Cuento las cosas que hago y casi siempre me terminan diciendo que me tengo que calmar. ¿En serio? ¿La gente tiene idea de cómo sería si no me entretuviera y cansara y ocupara? Si de por sí ya me cuesta acallar la mente.
Lucho constantemente contra mi natural inclinación a sentarme a observar crecer las hojas de los árboles. Si por mí fuera, dejaría que me llevaran la comida, preferiblemente a la boca, me vistieran y me trataran como gato egipcio. Pero, como al lado de ese ser huevón existe un motorcito que no para, resulta que me lleno de actividades, como si estuviera compensando.

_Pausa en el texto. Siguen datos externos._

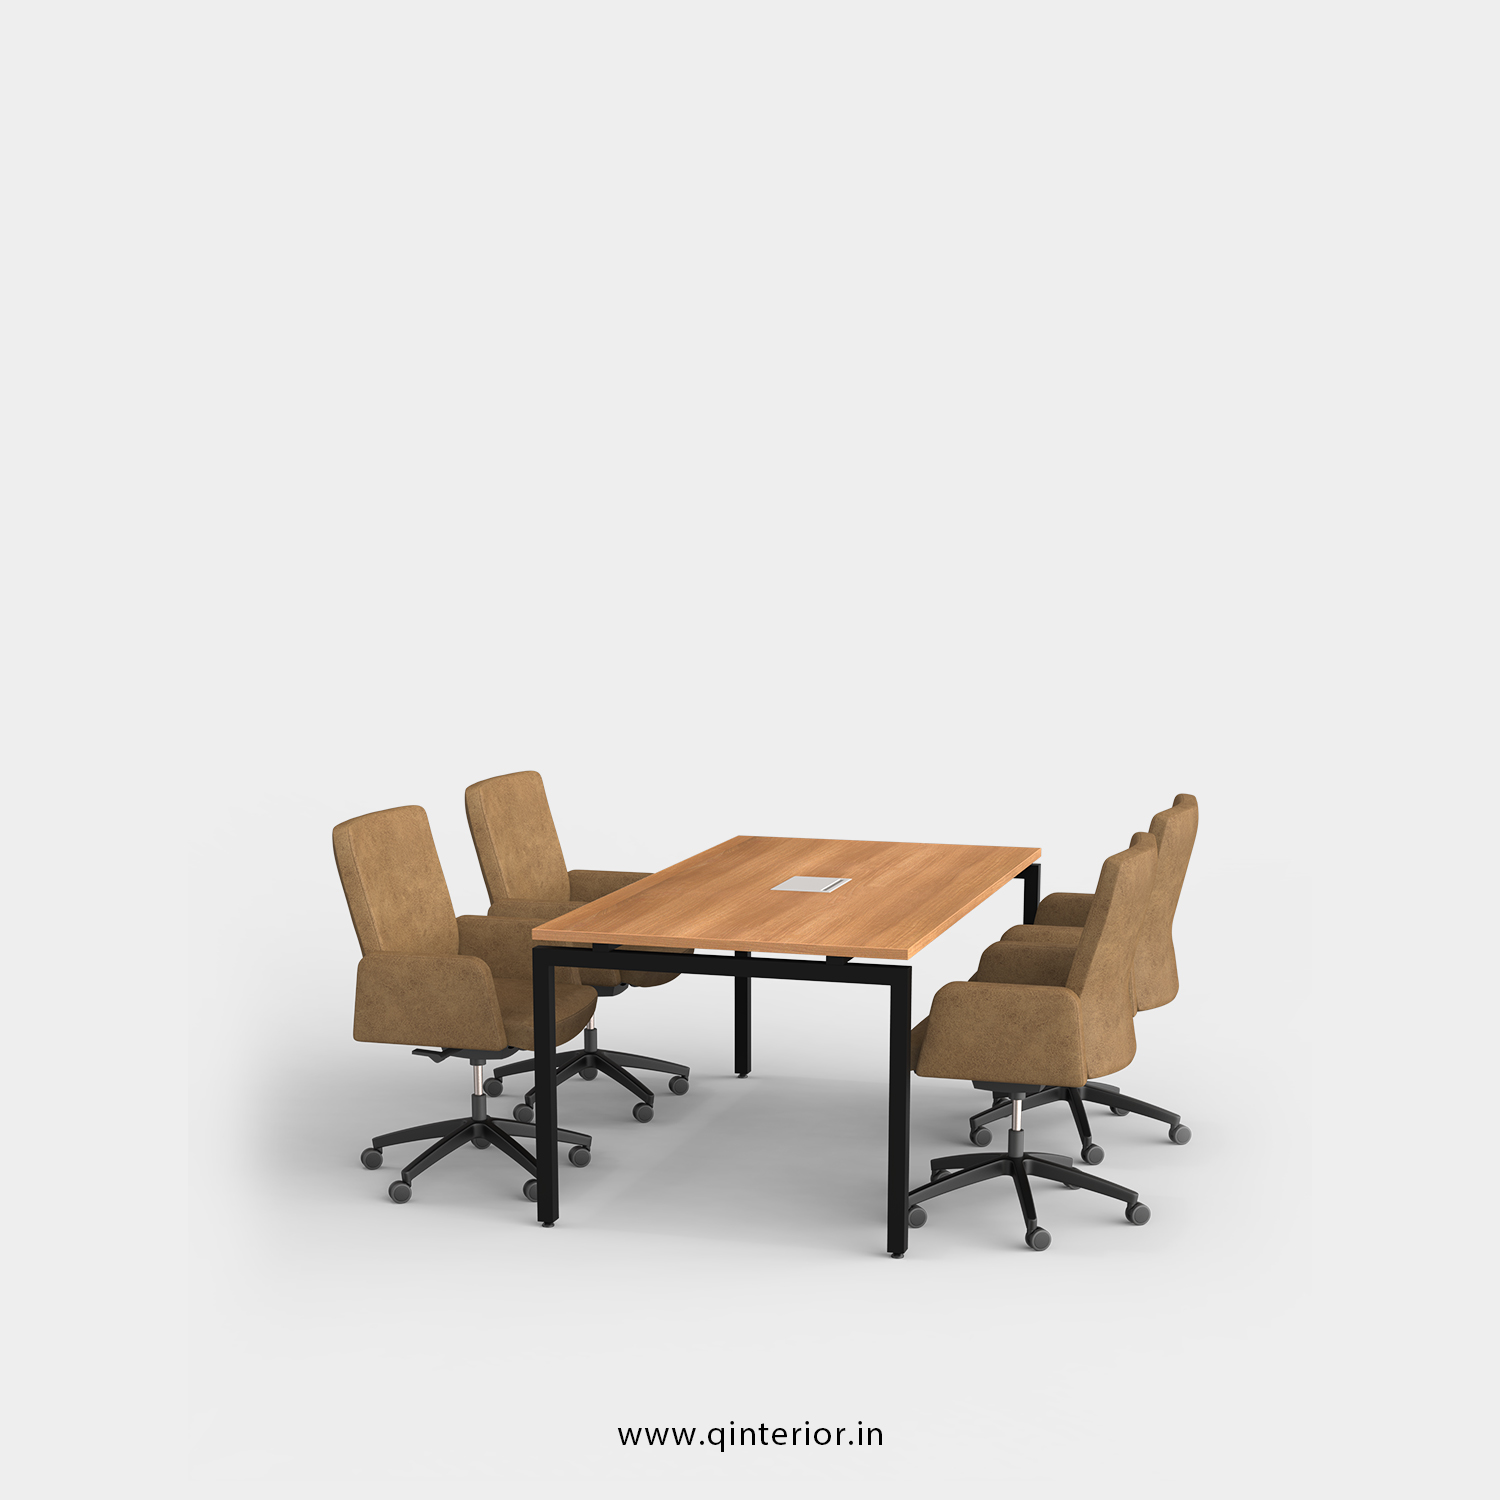 Montel Meeting Table in Oak Finish – OMT001 C2

Y así, termino cansando. Cansando a la gente a la que monto a mi barco de actividades, a la que embauco con hacerme caso de mis horarios descabellados, a la que tiene que vivir conmigo. Porque nunca es suficiente. Si corro dos kilómetros, la vez siguiente tengo que poder correr cuatro. Si hago tres veces karate, tengo que poder hacer cinco. Si horneo una docena de galletas, aprovecho y hago cien. Docenas.
Nunca es suficiente. No sé si eso me ayude a vivir más cosas en la vida, o simplemente a gastármela más rápido.
Alguna vez, me gustaría no tener ese impulso. Y no hacer nada. Pero no hacer nada como nadie jamás en el mundo lo ha hecho. Obvio el problema.